But the main takeaway seems to be that disruption later in the process, during local recurrent processing, didn’t have the effects on phenomenal experience that Lamme’s theory predicts.  They also note that Ned Block’s association of an independent phenomenal consciousness with local recurrent processing is also not supported, although they acknowledge there may be interpretations that Block can take to reconcile with the findings.

I don’t find this particularly surprising.  A simple equating of phenomenality with recurrent processing seems too simple.  It seems to be a common strategy to try to equate consciousness with some aspect or effect of neural processing.  I think trying to do so without an understanding of the causal role, if any, these phenomena play is like trying to understand a car motor by focusing on the timing of the spark plugs.  It might be an important component of how it works, but only a fragment.  At best, in and of themselves, these phenomena might be indicators of consciousness.
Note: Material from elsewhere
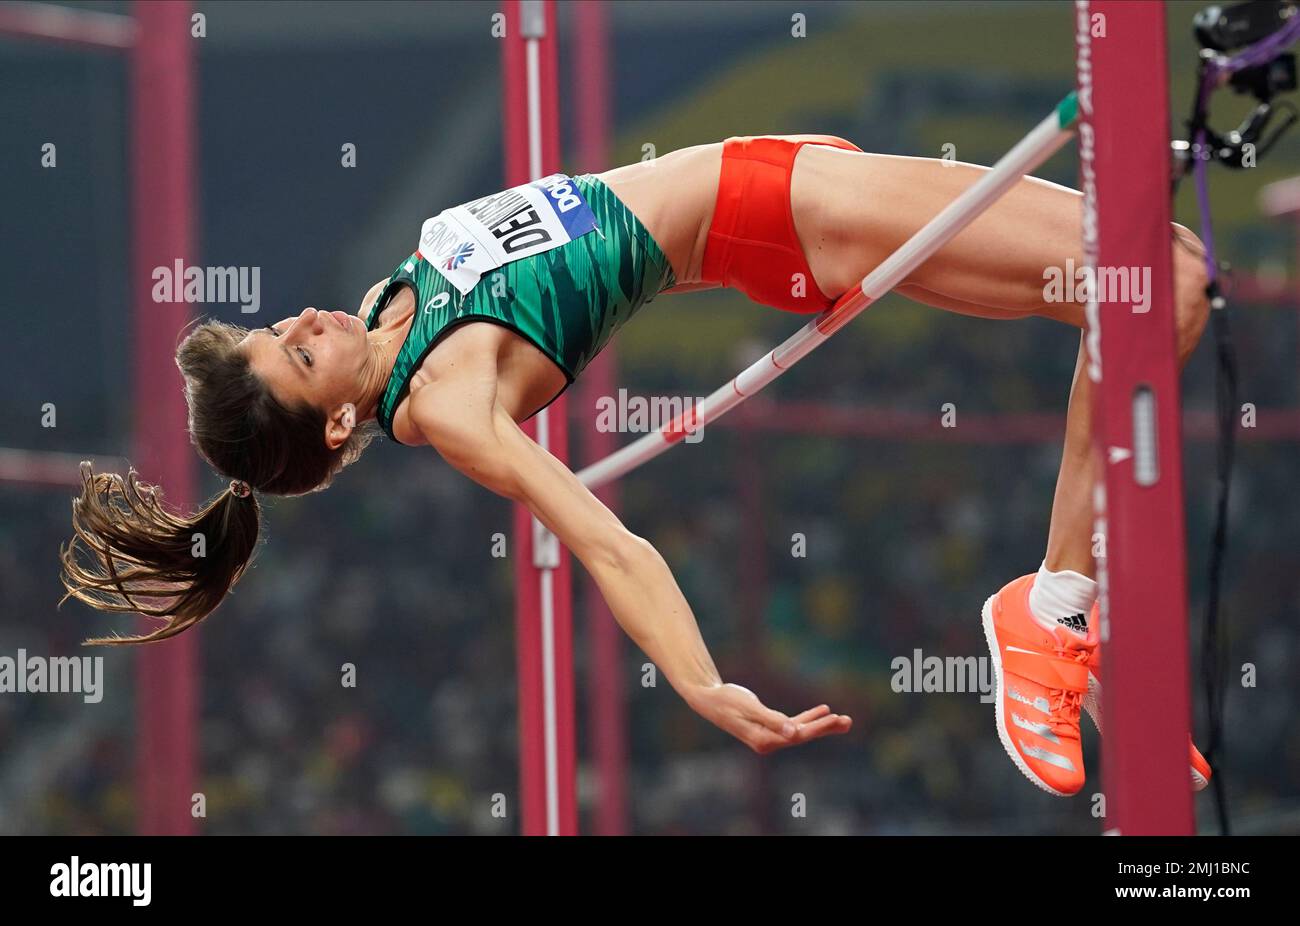 Karyna Demidik, of Belarus, competes in the women's high jump final at ...

These results don’t seem to challenge global theories because the disruptions were only in the visual cortex.  It seems clear the early feed forward signalling could have still ignited the necessary global processing (recurrent and otherwise).

But it seems like another strike against local theories.  Unless of course I’m missing something.

57 thoughts on “The unproductive search for simple solutions to consciousness

  1. One of the main roles of theories is to guide, aka suggest, experiments. So far, so good. Conclusions? Not in order, yet.

    Granted other areas in science show people doing the equivalent of flogging a dead horse (cold fusion, steady state cosmology, etc.) long after most people have given up, but that is a natural and and very human trait. The idea is that we should expend our resources in areas that will prove to be the most fruitful … we just don’t know what those are just yet, so more than a little stumbling around is to be expected.

    We have addressed the issue philosophically for thousands of yeas and scientifically for part of a century, but effectively only for a few years. The tools for effective research just weren’t available. But now they are and it is an exciting time to be alive!

    Stay tuned! (Somehow I think you will!)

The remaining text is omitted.